With the new filesystem in place I was able to start on the changes to the editor. Up until this point 'editing a level' consisted of selecting a bunch of parameters for the fractal generator and a 'time of day' for the lighting. With the new system in place it was possible to paint landscape changes into the editor and store these as part of the world's definition. These changes were vital in making it so that a Topia levels are well under 64kb each. Before this levels were taking around 3mb, this is a 50x saving which means we will be able to include is many levels as we can come up with without bloating the download size into hundreds of megabytes. At this point I realised I had to optimise the landscape moulding code and worked out a sneaky way of getting a 7x speed increase to fix loading times. A really cool side effect of this is that the in game building tools can now be much larger, making building landscape feel even cooler.
I also added a bunch of extra features into the editor (which will be part of the full game) including complete control over lighting and atmospherics, the ability to paint paths and save out a level already populated with creatures. At some point after the initial release the editor will be released to players in an update. In it's current state it can't be let out to the public as it'd just confuse most players and confused players just quit your app and give you a one star review. I know this for sure from the stats of how many people finished the second level of Ground Effect...
I then spent a week working on another project that I will blog about later. This was for an iOS unity based project from a very cool new startup and they happened to need a couple of mad custom shaders written in a hurry. It was cool to finally get to use Unity. It's clear that something like Topia could actually be made with it (something I hadn't realised before) but you'd be doing so much work in native plugins that you'd lose most of the benefits of using it. Cool to get a little Unity experience though.
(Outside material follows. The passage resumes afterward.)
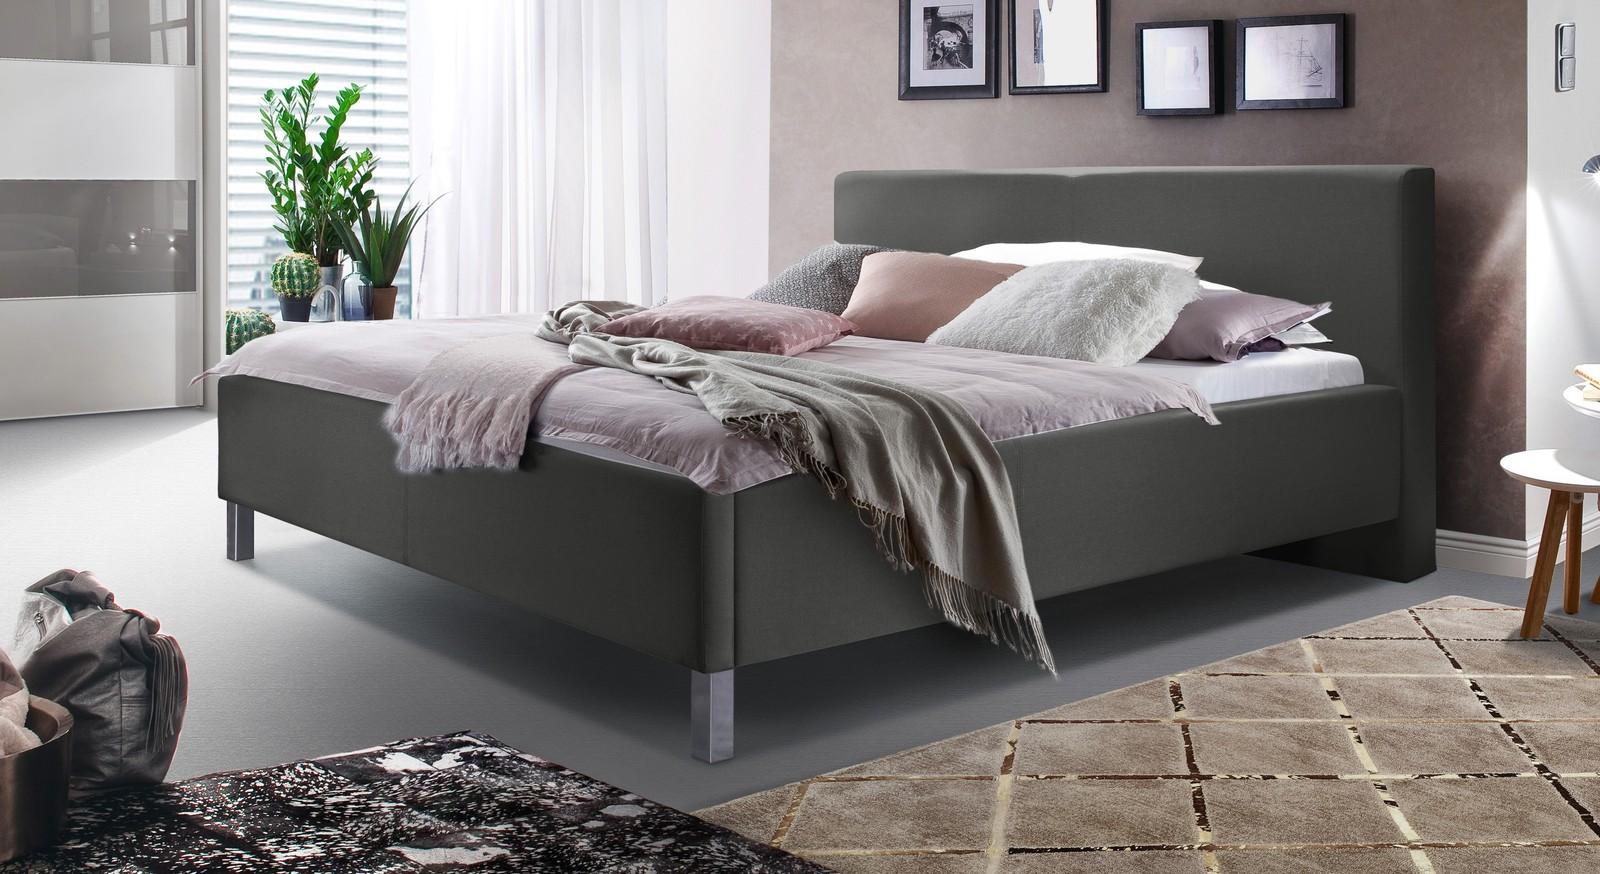 Modernes Bett Tranquilo mit hohen Füßen

It was great to actually be working in an office with other developers, some of them guys i'd worked with before many years ago. The atmosphere of a working office hugely increased productivity so I hung around their office for a couple of extra weeks working on Topia. During those weeks I completely rewrote the multitouch handler making it 100% responsive on all devices.
I also ditched Ground Effect's over-complicated and, paradoxically, under-featured sound system and went straight to OpenAL. The new sound system supports blending between multiple ambiences and 3D sound placement. Not rocket science and probably standard these days but all pretty new to me and very impressive that a phone can mix these many channels without grinding to a halt. The game is awesome with the sound in. I'll blog some details just as soon as I can make a video with sound.
Since spending a week or so on the sounds (thanks for the samples Josh) i've been focused on creature AI. Tikes (the fast carnivores) can now decimate herds of Pinos (the cute blue sheep) and i'm thinking the initial release won't just be a 'sandbox' we were planning, it'll also feature 'Pinos v Tikes' as the first minigame.